Recorded information:
====

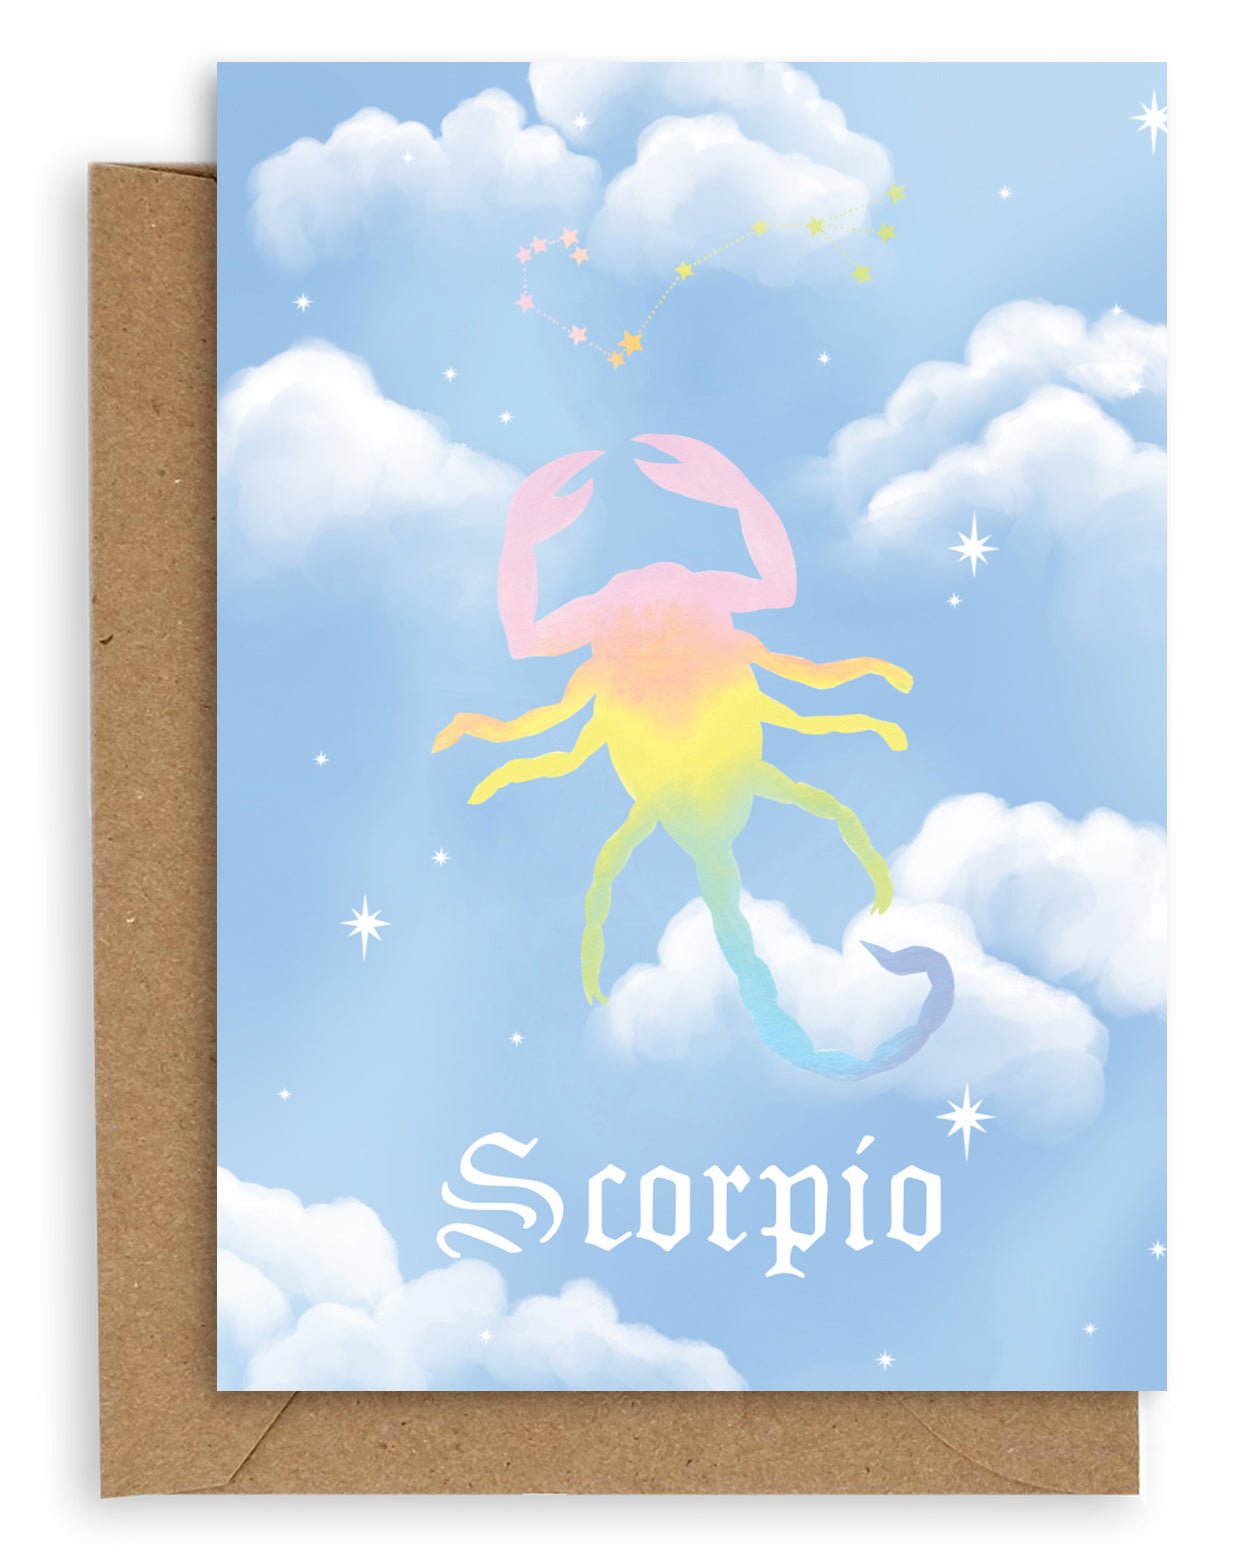 Scorpio  Horoscope card with a kraft envelope. The horoscope symbol is painted in rainbow pastel on a blue background with white clouds. 
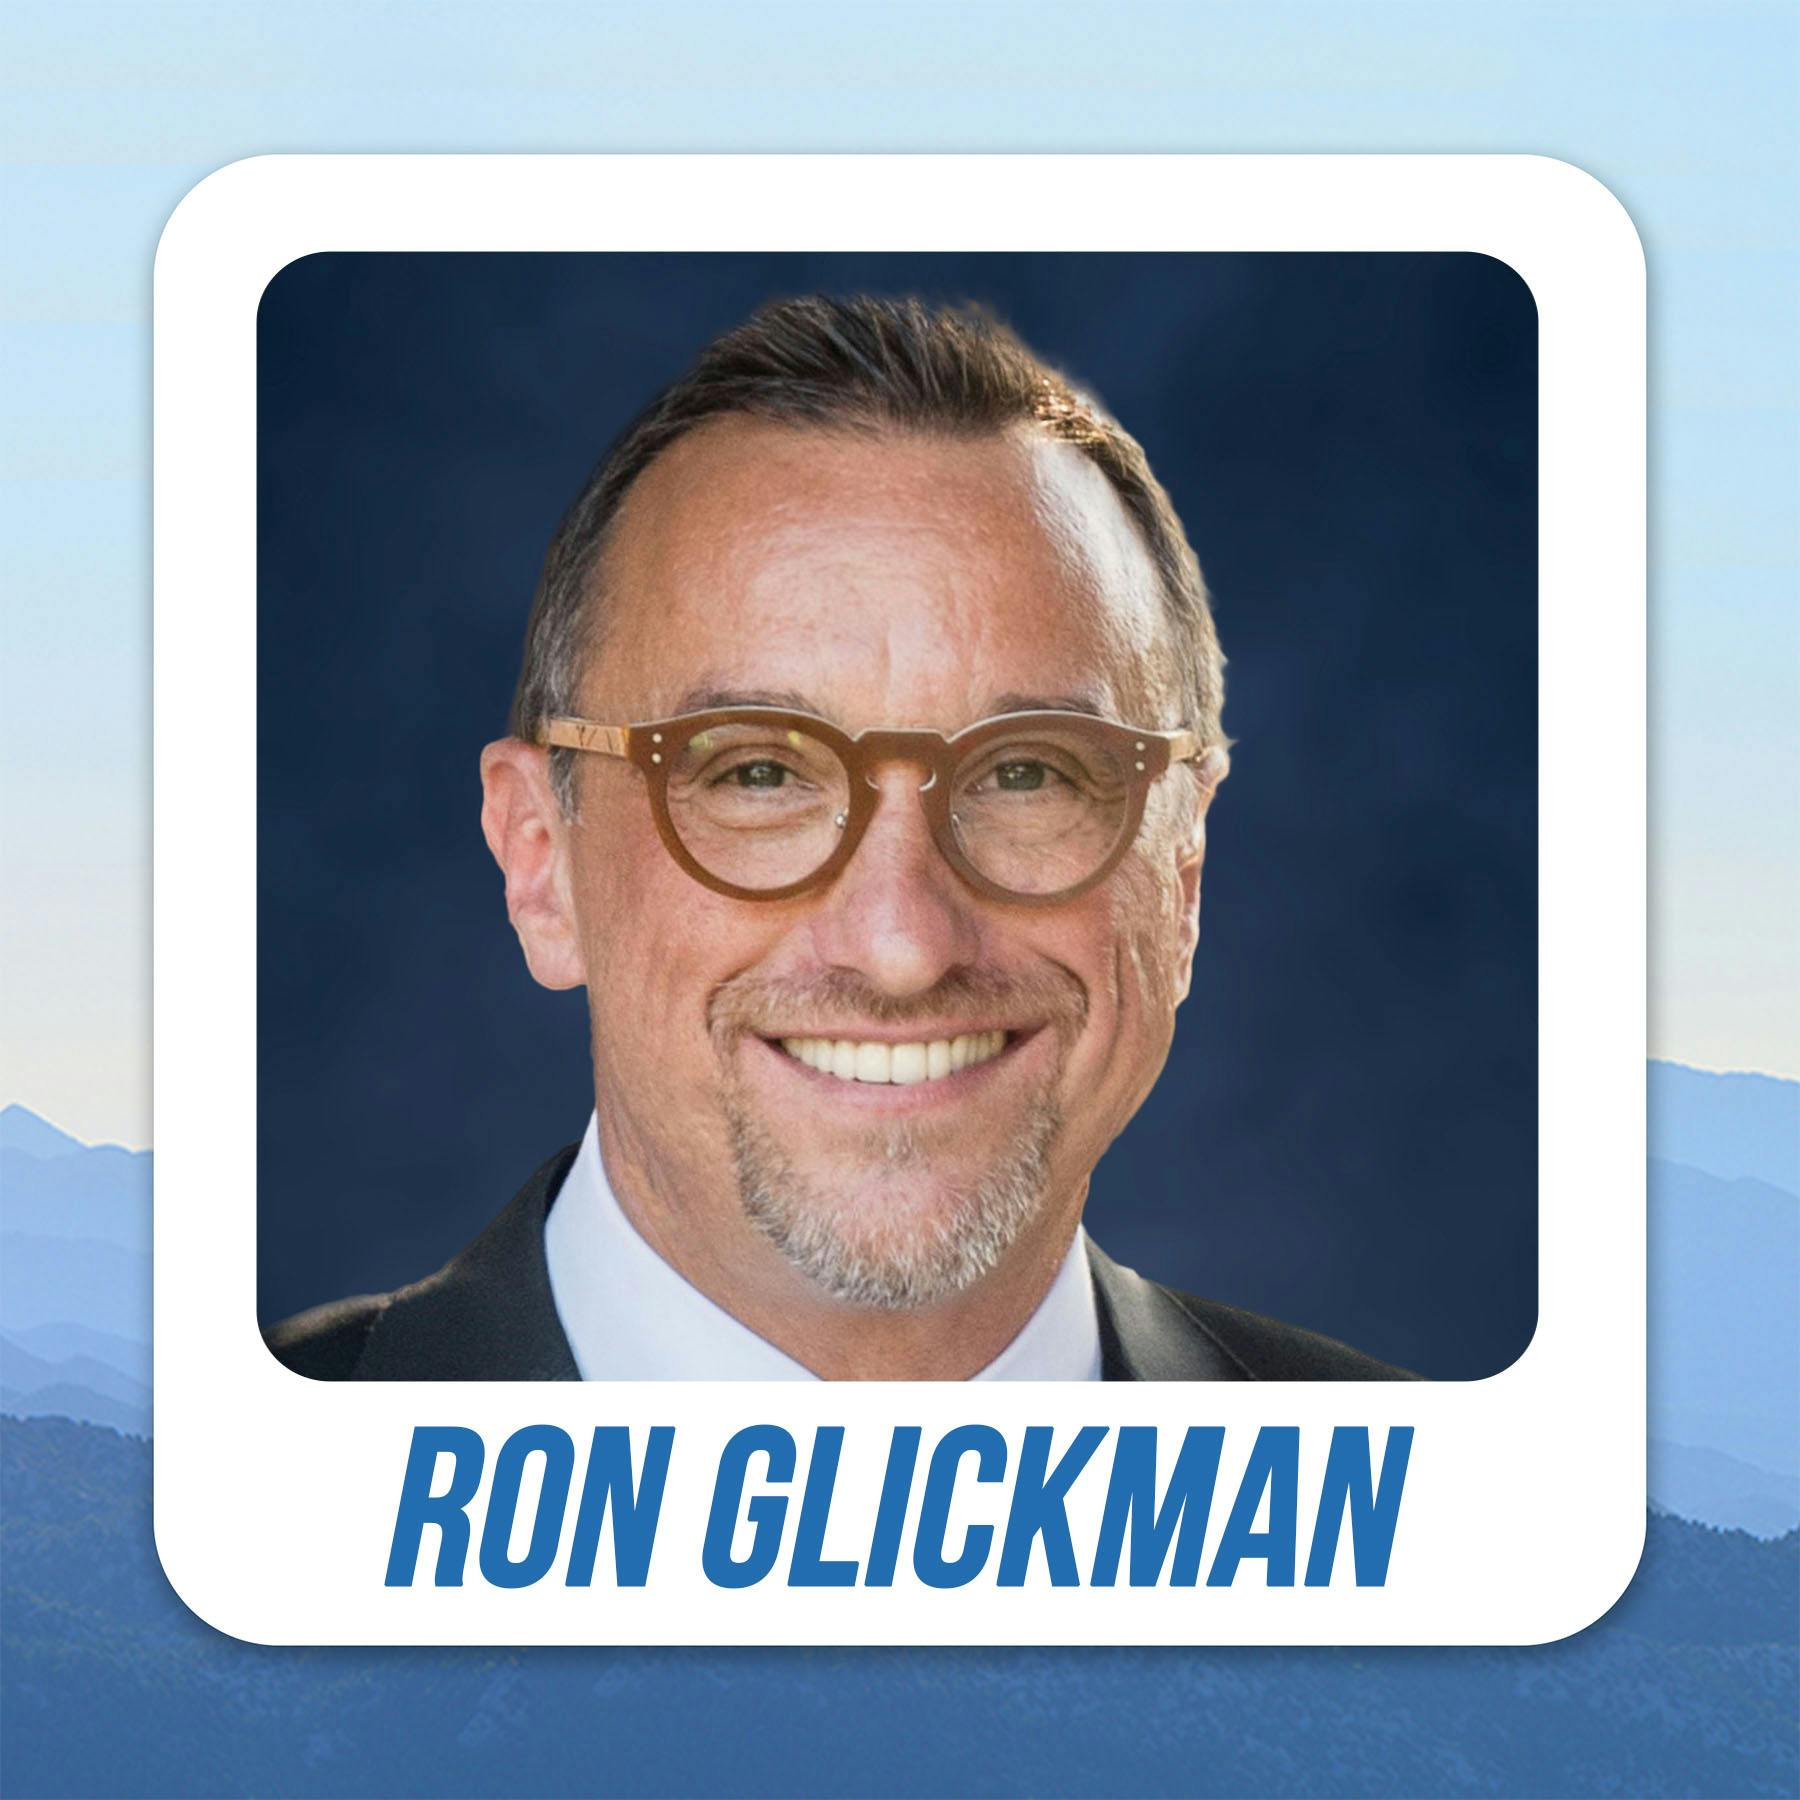 Instinctive Actions Vs Thoughtful Reactions with Ron Glickman
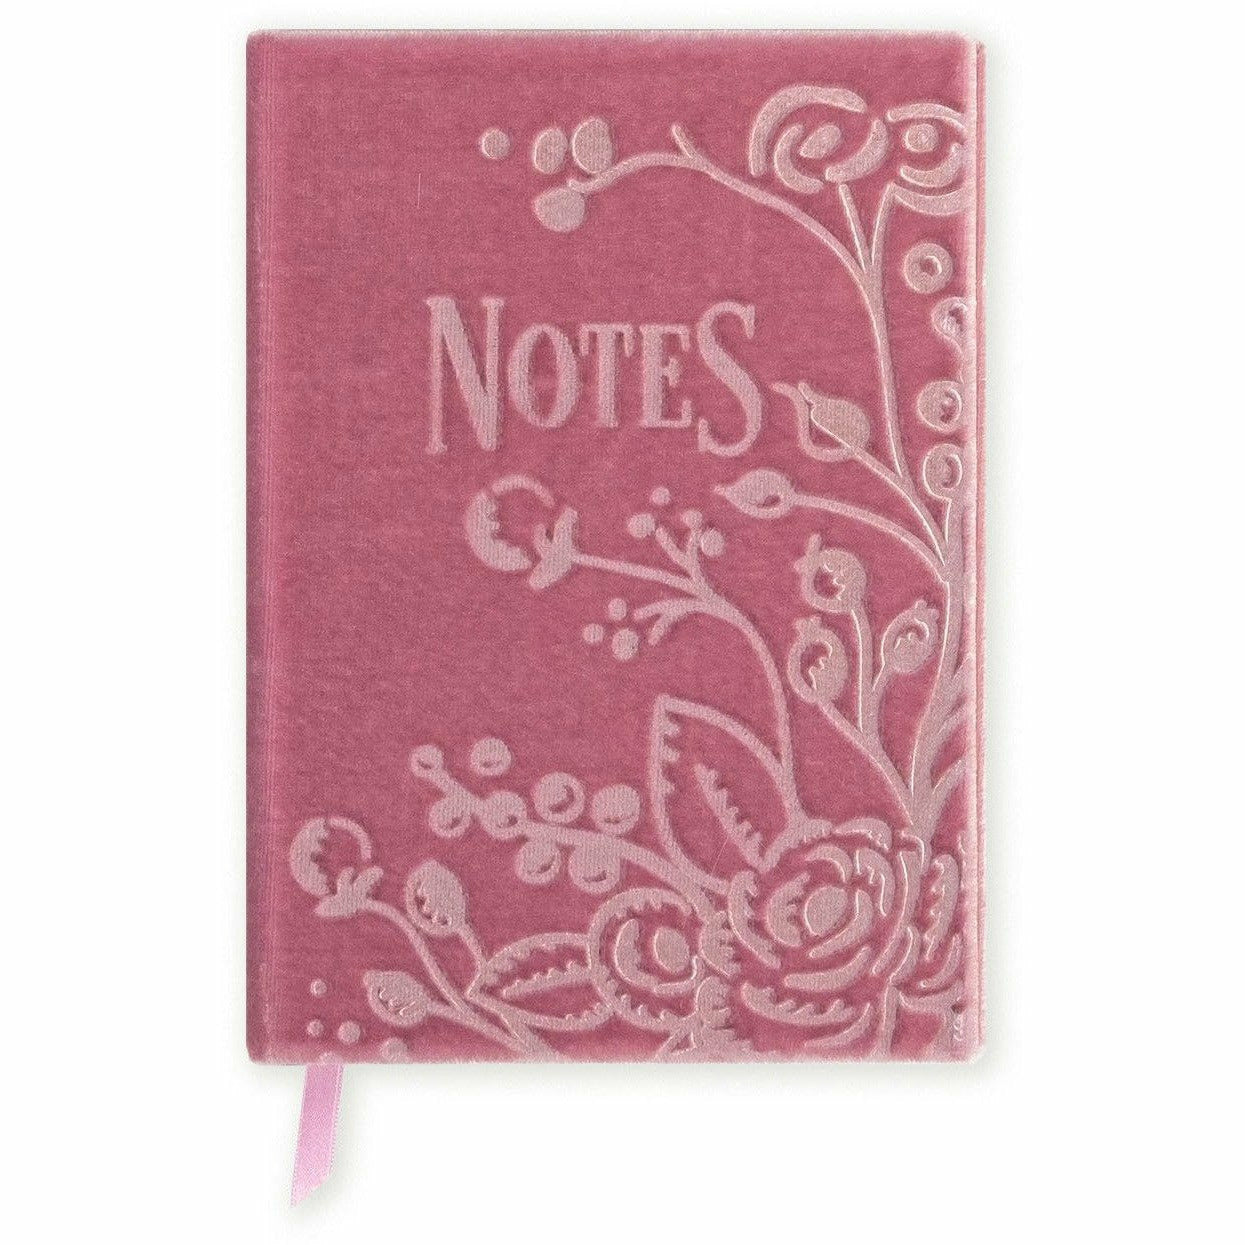 Petite Velvet Notes Floral Book - The First Snow

====

Your goal: The data above are to be repeated word for word, with any pictures left out.

Task response:
 Scorpio  Horoscope card with a kraft envelope. The horoscope symbol is painted in rainbow pastel on a blue background with white clouds. 
 Instinctive Actions Vs Thoughtful Reactions with Ron Glickman
 Petite Velvet Notes Floral Book - The First Snow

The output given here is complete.